In the case of a failover, here’s what happens:

  • The Exchange Information Store service detects a database failure and records the event in the Windows Server crimson channel**.
  • The Active Manager on the mailbox server, hosting the failed database, detects the failure events and initiates a request for the database copy status from the other servers in the DAG.
  • The servers hosting the mailbox database copies, return the status, following which the PAM determines the best copy of the database and initiates the process to move the active copy.
  • The PAM updates the new database mount location in the cluster database and sends a request to the Active Manager on the target server to assume the database master role.
  • The Active Manager on the target server requests the Exchange Replication service to copy the latest logs from the preceding active server and sets the mountable flag for the database.
  • The Exchange Replication service copies the logs from the server that was previously hosting the active copy.
  • The Exchange Information Store service mounts the new active database copy.

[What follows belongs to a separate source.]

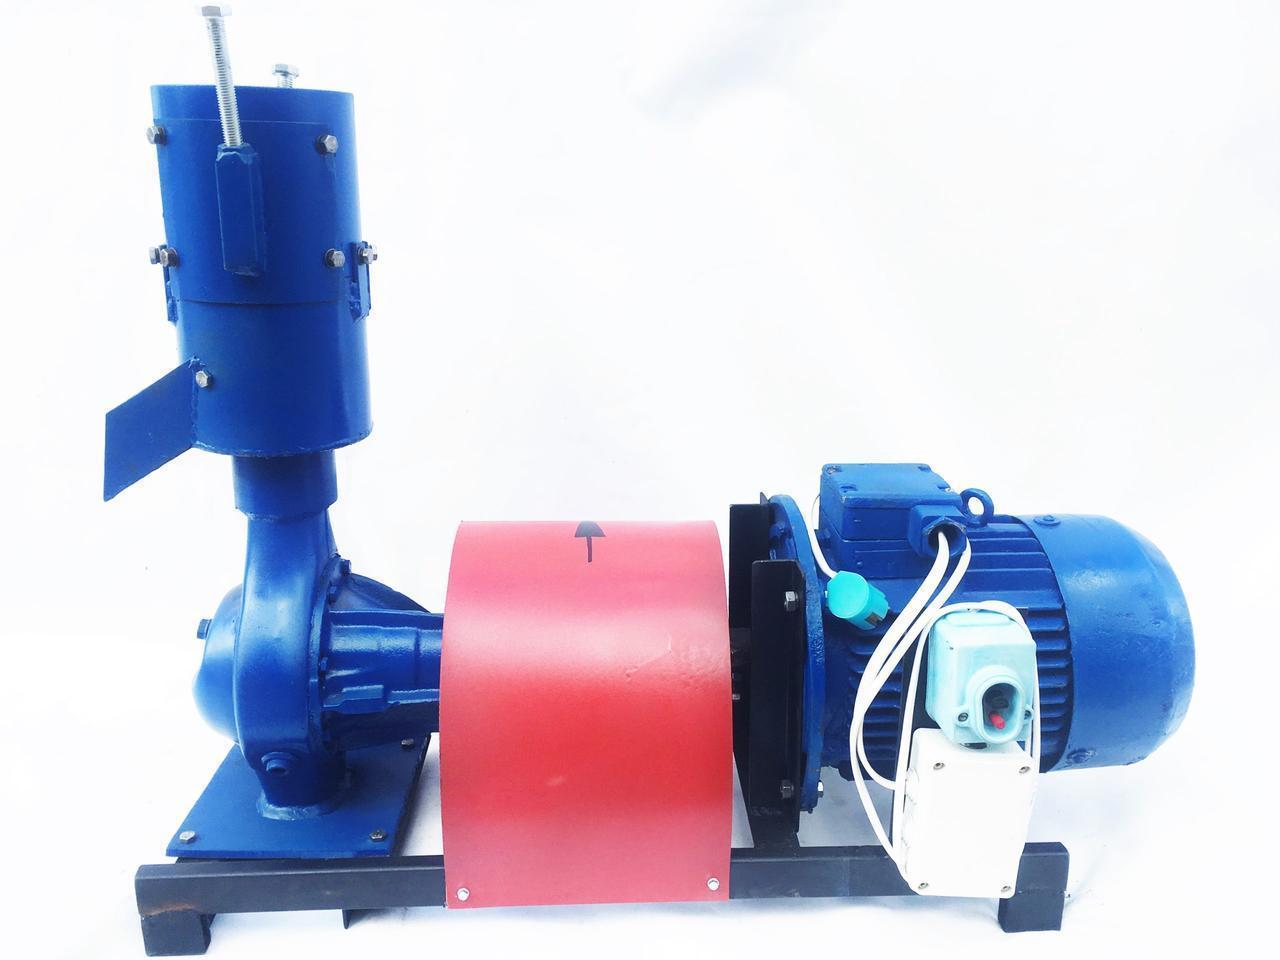 Пресс-гранулятор комбикорма универсальный ПГУ150 (220В, притертая матрица)(матрица)
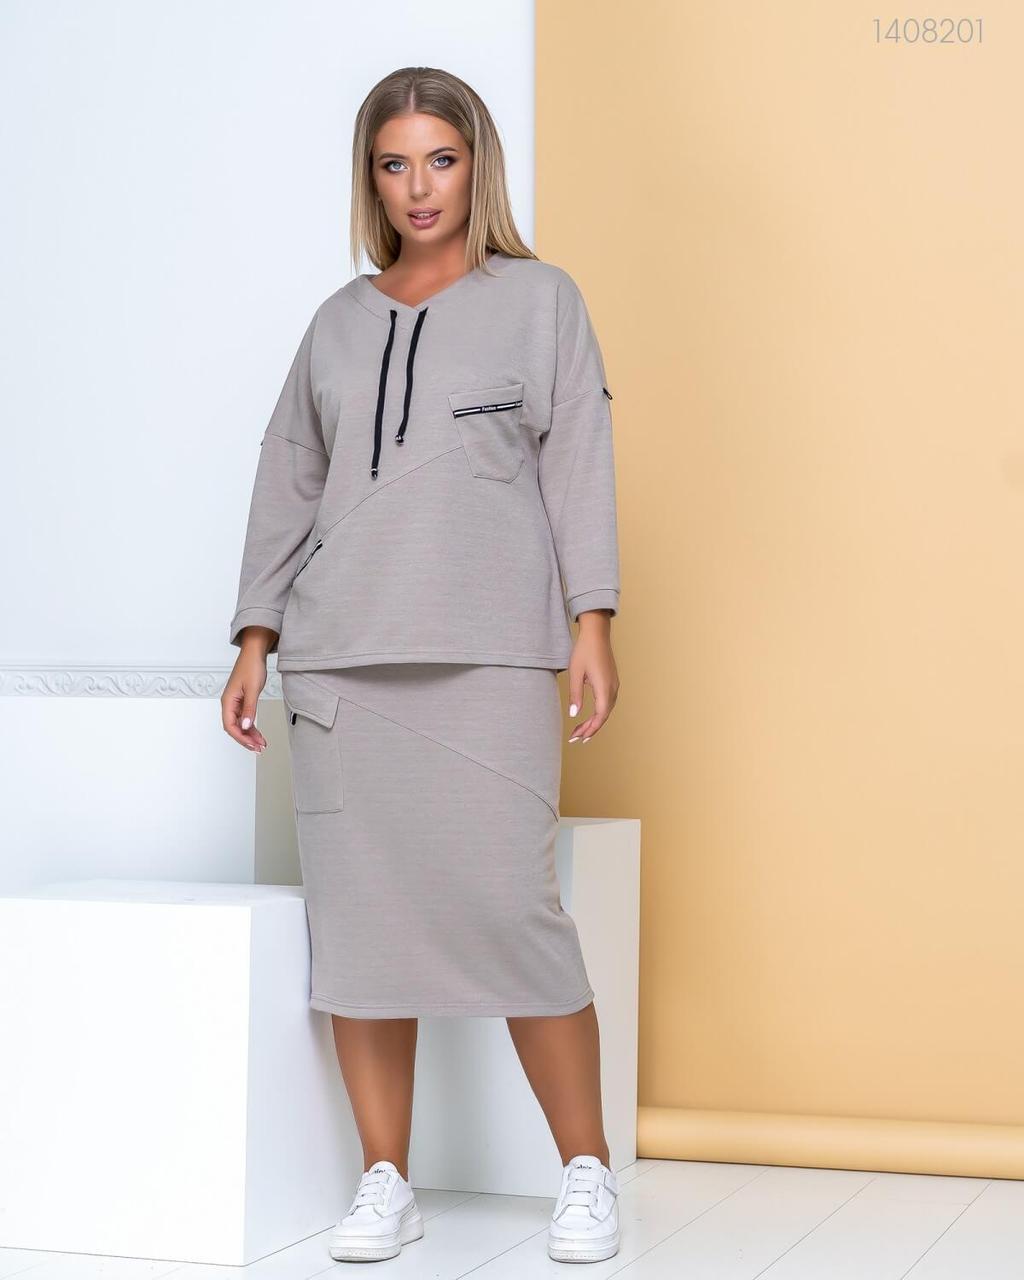 Женский юбочный костюм с кофтой с V - образным декольте в батальных размерах 83ba762

**Crimson channel is a category of event logs in Windows Server that records the events associated with a single application or component, which in this case are High Availability and replication of mailbox databases.

When Exchange DAG switchover or failover goes wrong

There could be situations that might disrupt mailbox connectivity in a DAG HA setup. The following example illustrates:

Consider a DAG setup, comprising three member servers, namely MB01, MB02, and MB03, where each member server hosts a copy of three mailbox databases: DB 1, DB 2, and DB 3. The database copies are mirrored across each server.

Exchange Server DAG with three members
Exchange Server DAG with three members (Image Credit: Bharat Bhushan/Petri.com)

Fig. 1: DAG with mirrored database copies

Note, this is a DAG comprising an odd number of members, so it is governed by the Node Majority Quorum model.

The DAG is seen running in a healthy state and is providing high availability. Next, the administrator needs to perform maintenance on MB02 and initiate a switchover. As a result, the active copy of DB 2 is moved from MB02 to MB01, and subsequently, MB02 goes offline. The DAG is still able to maintain high availability with MB01 and MB03; MB01 is now running two active database copies, those of DB 1 and DB 2.

DAG with one member server (MB02) in an offline state
DAG with one member server (MB02) in an offline state (Image Credit: Bharat Bhushan/Petri.com)

Now, imagine that while MB02 is down for maintenance, MB01 faces a sudden hardware failure and crashes. What happens next is the loss of cluster quorum, so the DAG will not be able to initiate a failover and undergoes total failure, resulting in the databases dismounting. This happens by design as there is only one server left and one node to vote, so as a failsafe, the cluster is shutdown.

Failed DAG with dismounted databases
Failed DAG with dismounted databases (Image Credit: Bharat Bhushan/Petri.com)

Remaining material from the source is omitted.